Axicabtagene ciloleucel (axi-cel) has demonstrated efficacy and safety in relapsed/refractory large B cell lymphoma (r/r LBCL). However, evidence from Asian populations remains limited.

This study evaluated patients with r/r LBCL who underwent leukapheresis for axi-cel between April 2023 and December 2025. Fifty-five patients were evaluable for safety, including 38 treated in the second-line setting (2L). CRS occurred in 53 (96%), with grade ≥ 3 in 6 (10%). ICANS occurred in 17 (31%), with grade ≥ 3 in 6 (11%). Compared with patients receiving third-line or later (3L +) treatment, 2L patients experienced higher rates of grade ≥ 3 CRS (13% vs. 6%) and any-grade ICANS (37% vs. 18%). Among the 55 patients, the overall response rate was 91%. After a median follow-up of 14.5 months, the 1.5-year PFS and OS rates were 63.1% and 83.1%, respectively. 2L showed numerically higher PFS than 3L + (1.5-year PFS: 64.9% vs. 57.0%; HR: 1.75; p = 0.248).
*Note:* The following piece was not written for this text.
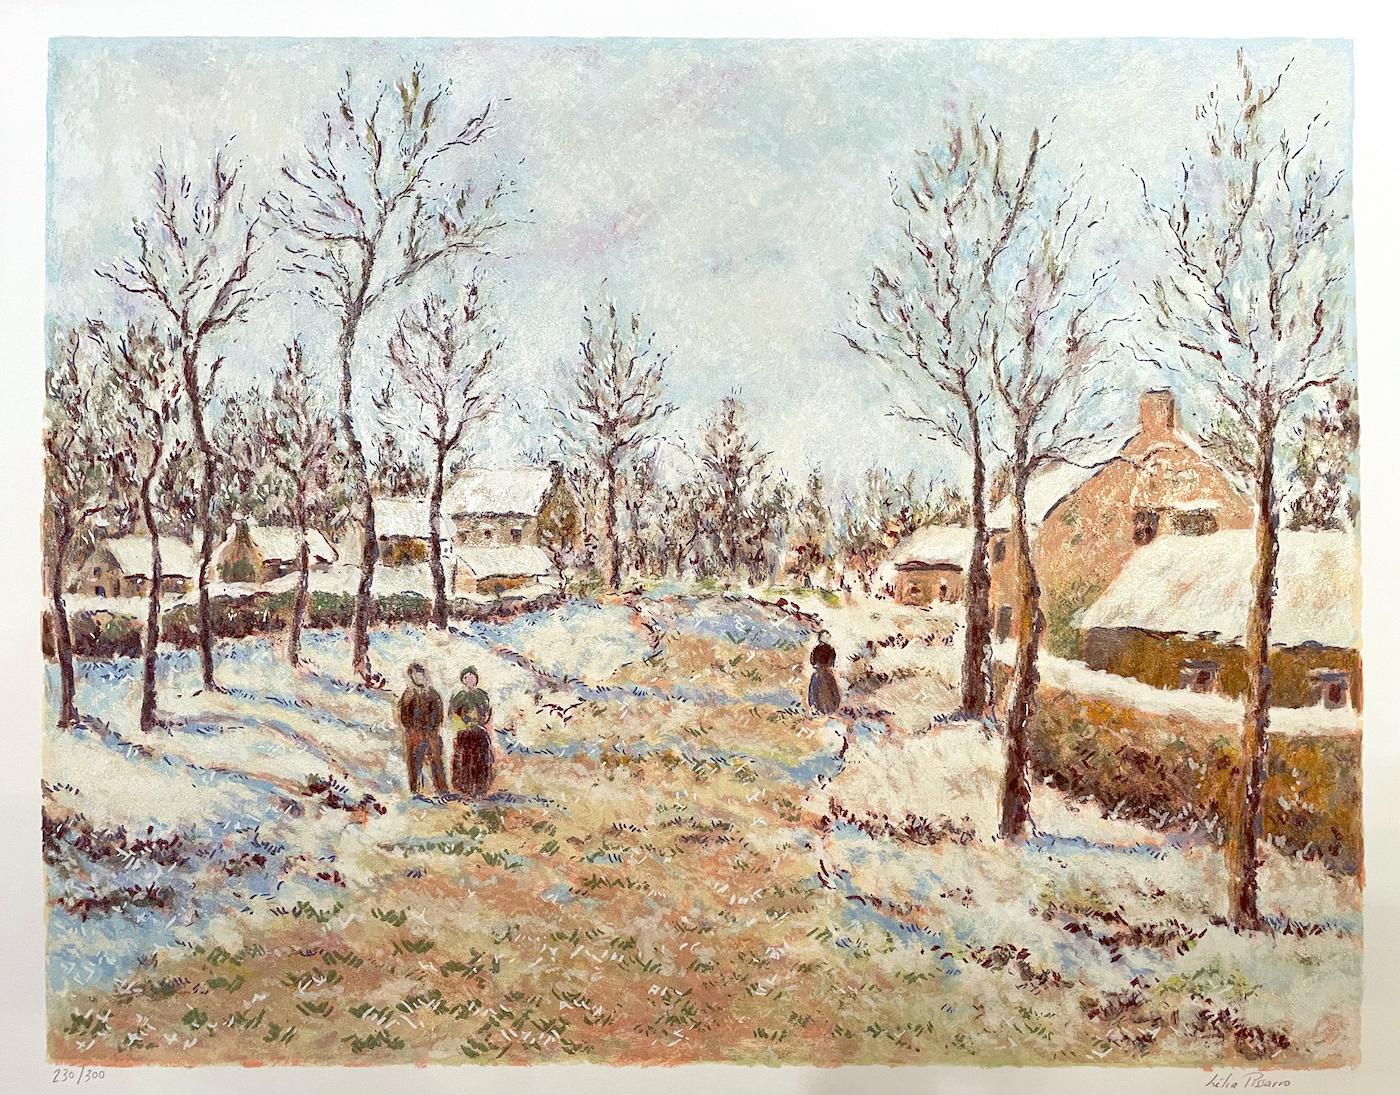 The Four Seasons - Winter by Lélia Pissarro - Serigraph - Print by Lelia Pissarro

Multivariate analysis identified three independent risk factors for PFS: low peripheral blood CD8+ naive T-cell count at leukapheresis, high metabolic tumor volume, and elevated LDH level at initiation of lymphodepleting chemotherapy. Axi-cel demonstrated substantial efficacy in Japanese patients with r/r LBCL. The 2L setting was associated with higher toxicity and numerically higher PFS.